Trump has used harsh rhetoric against Harris and other Democrats, calling them “demoniacs,” and has suggested military action against people you call “internal enemies.”

Harris, pointing to warnings from former Trump aides, has labeled him a “fascist” and has blamed Trump for endangering women’s lives by nominating three of the judges who overturned Roe v. Wade. In the final hours of the campaign, he tried to strike a more positive tone and spent the entire last day of Monday without uttering the name of his Republican opponent.

On the eve of Election Day, federal, state, and local officials expressed their confidence in the integrity of the country’s electoral systems. However, they said they were prepared to deal with what they see as an unprecedented level of foreign disinformation – especially from Russia and Iran – as well as the possibility of physical violence or cyber-attacks.

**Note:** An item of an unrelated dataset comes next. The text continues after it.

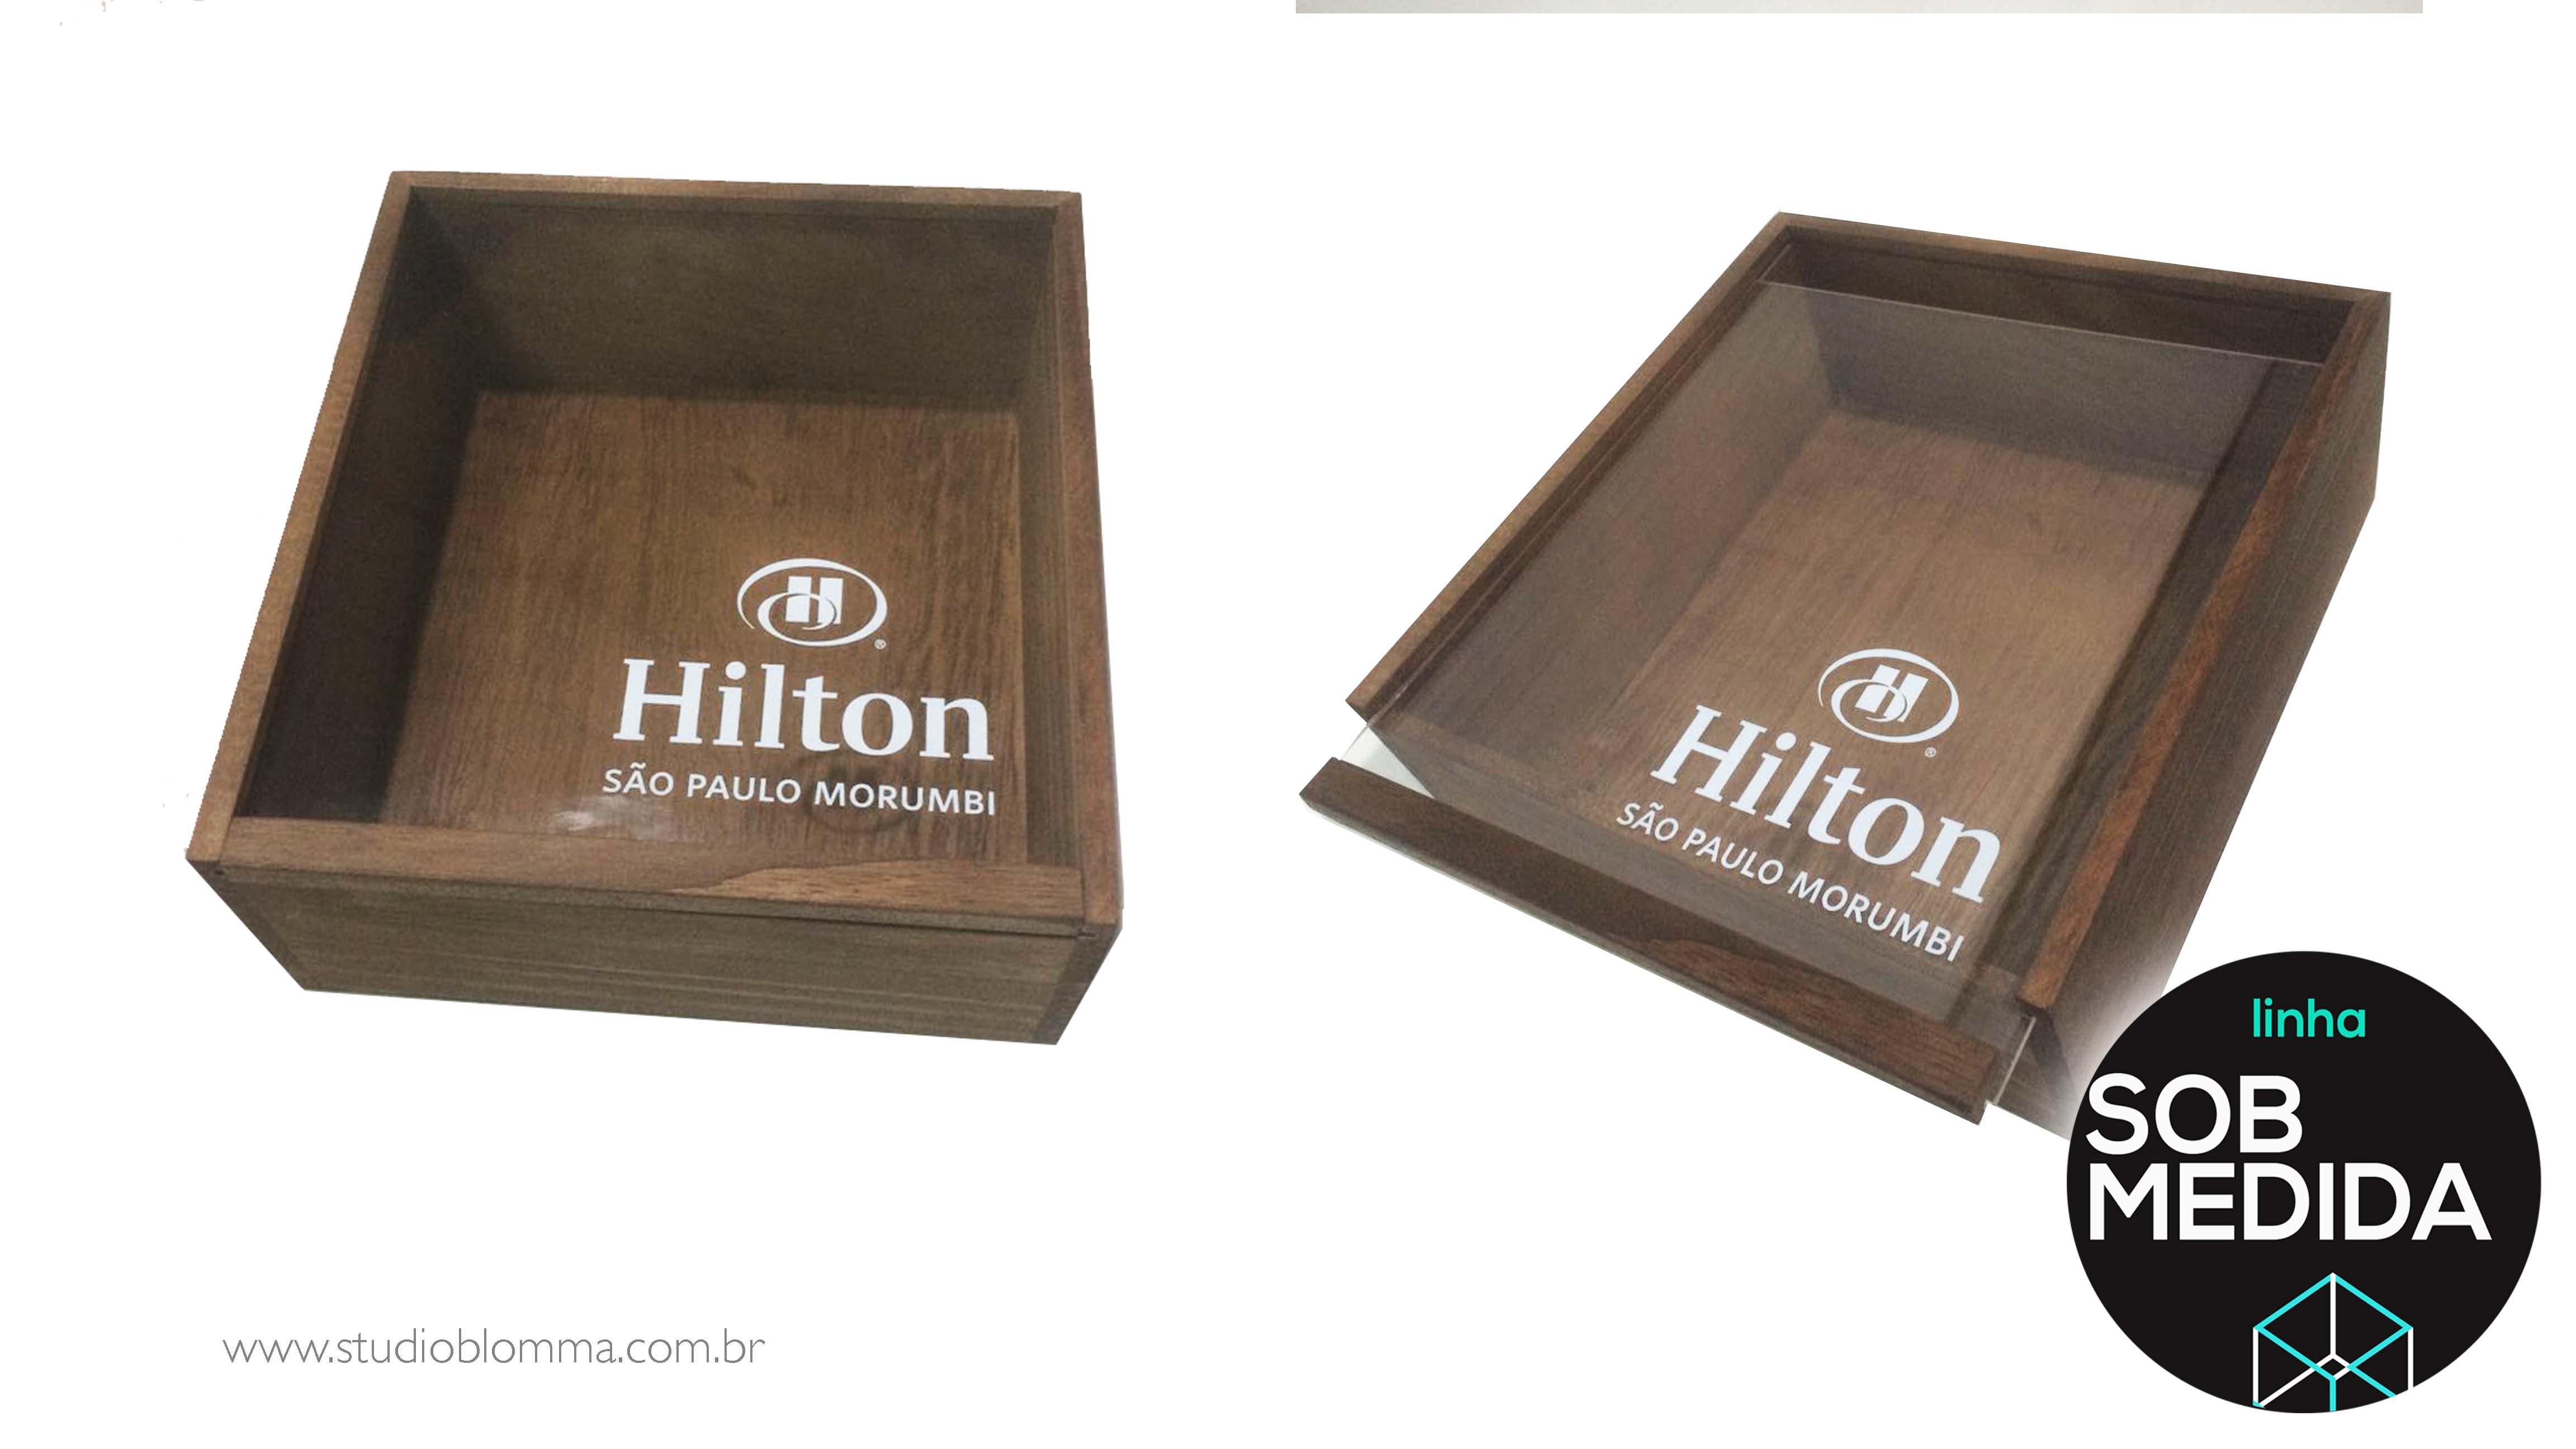 Hotéis Hilton

U.S. presidential and vice presidential candidates, Democratic Vice President Kamala Harris and Minnesota Governor Tim Walz, and former Republican President Donald Trump and Ohio Republican Senator JD Vance, are pictured on part of a mail-in ballot.
U.S. presidential and vice presidential candidates Democratic Vice President Kamala Harris and Minnesota Gov. Tim Walz, and Republicans former President Donald Trump and Sen. JD Vance, R-Ohio, are seen on part of a mail-in ballot in New York on Sunday, Nov. 3, 2024. (AP Photo/Patrick Sison)

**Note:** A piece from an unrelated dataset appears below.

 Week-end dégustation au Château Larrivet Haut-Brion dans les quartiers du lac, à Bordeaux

Both parties have armies of lawyers in anticipation of legal challenges on and after Election Day. And law enforcement across the country is on high alert for possible violence.

The future of U.S. support for Ukraine, America’s fidelity to its global alliances, and the nation’s commitment to stand up to autocrats hang in the balance.

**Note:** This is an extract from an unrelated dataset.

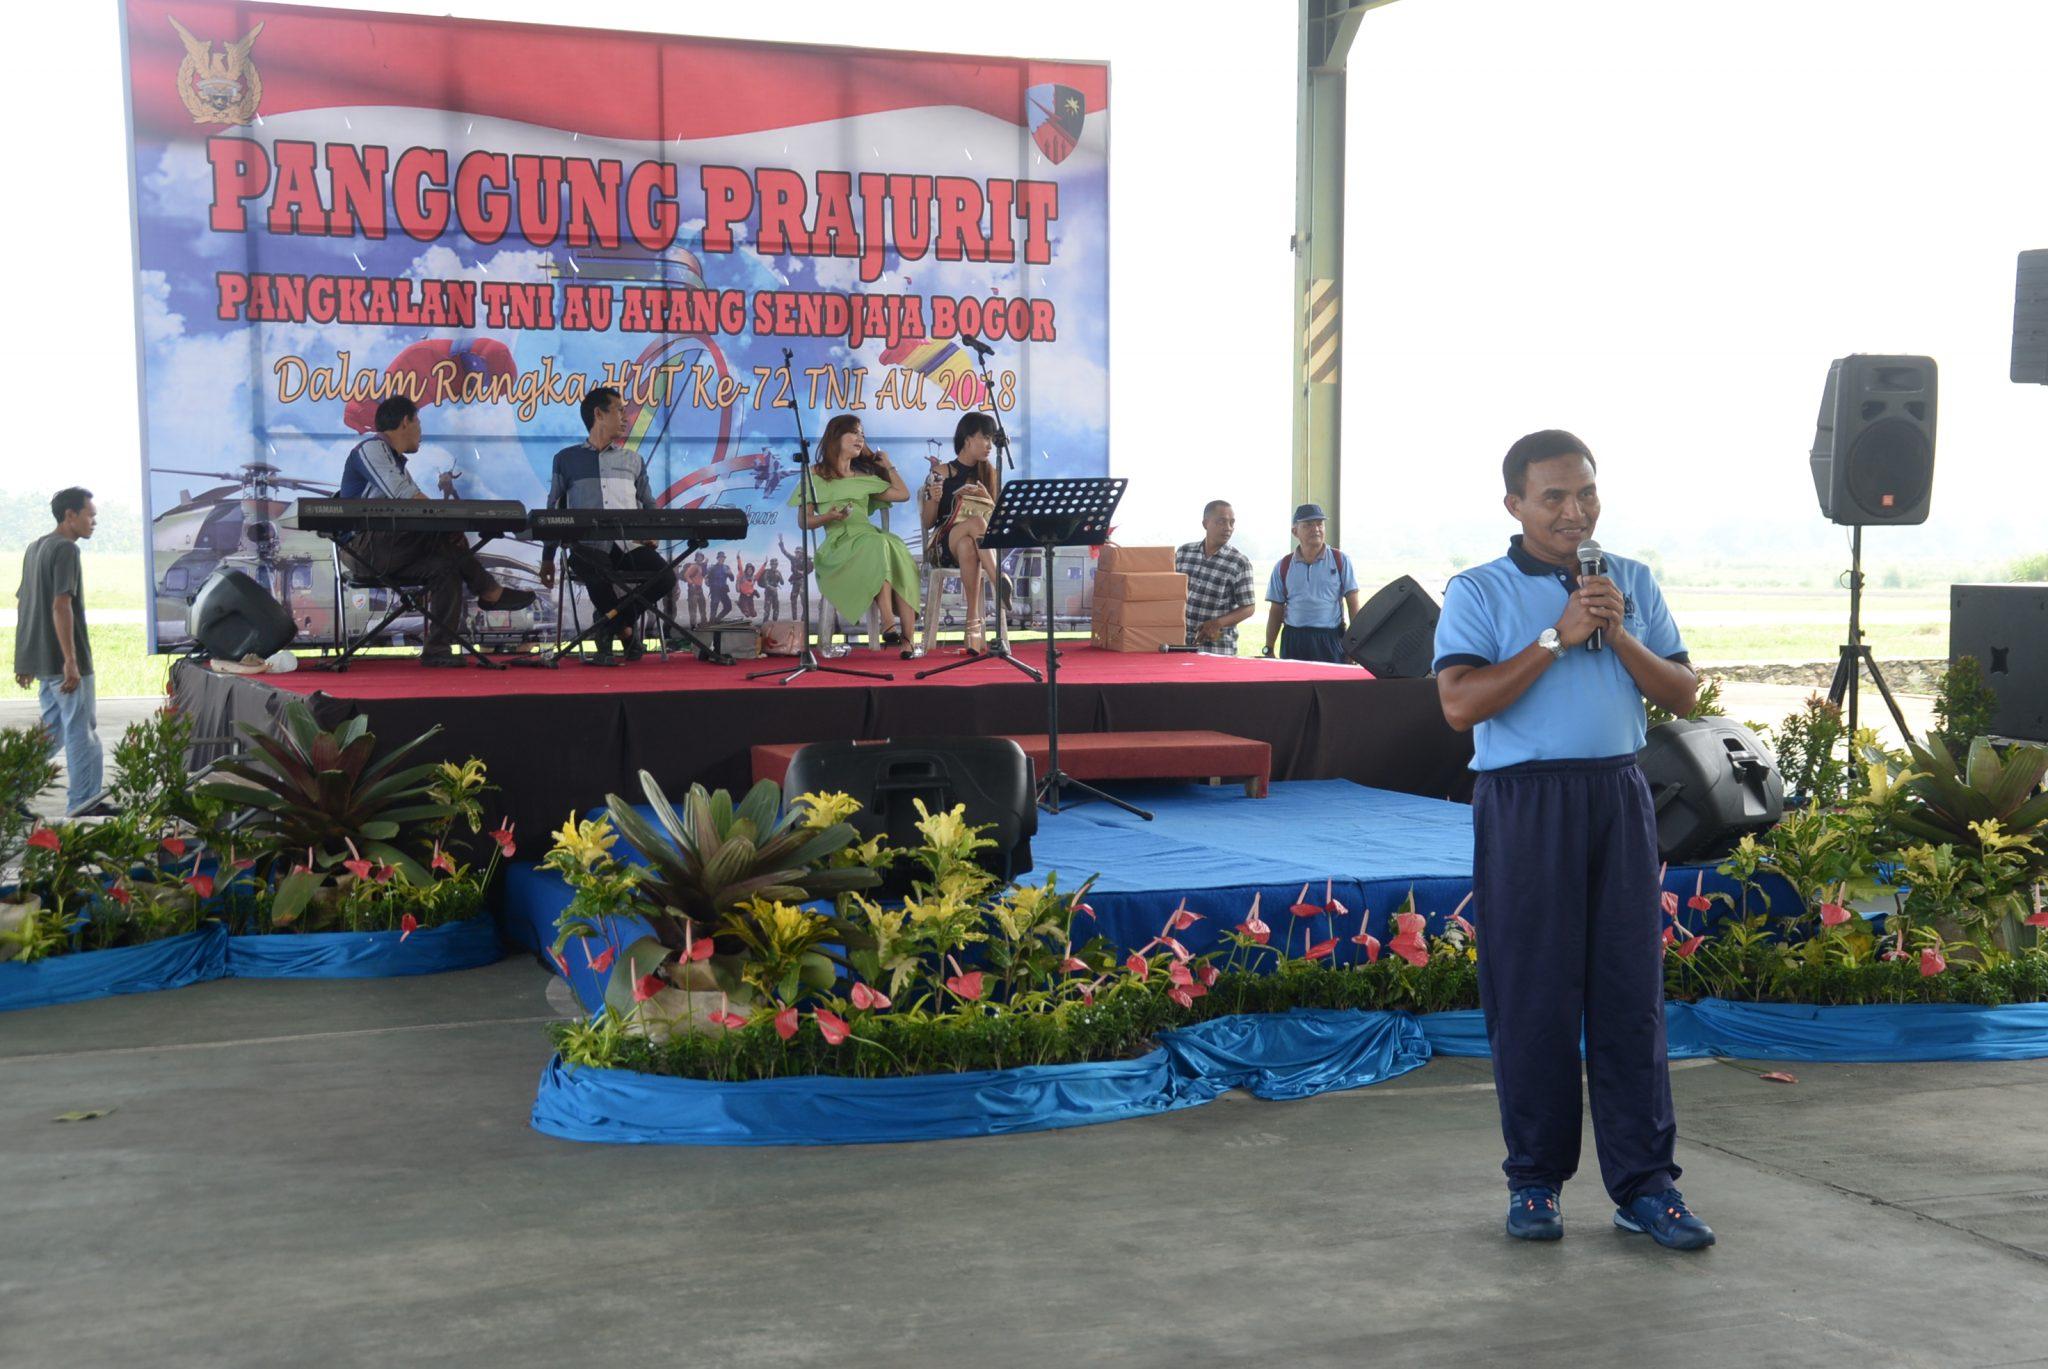 Gelar Panggung Prajurit, Danlanud Ats Apresiasi Kinerja Personel Lanud Ats

Harris has pledged to continue to support Kiev’s defense against Russia’s full-scale invasion in 2022. Trump has harshly criticized Ukraine, commended Russian President Vladimir Putin and suggested that would encourage Russia to attack NATO allies. of the U.S. that Trump considers criminals.

Voters across the country were also deciding thousands of other races that will decide everything from control of Congress to state ballot measures on abortion access.

More than 82 million people voted early – shy of the record set during the 2020 pandemic, when Trump encouraged Republicans to just vote on Election Day. This time, he urged his voters to secure their ballots in advance, and they complied in droves.

Associated Press reporters Jill Colvin in Palm Beach, Florida, Darlene Superville and Eric Tucker in Washington, and Marc Levy in Allentown, Pennsylvania, contributed to this dispatch.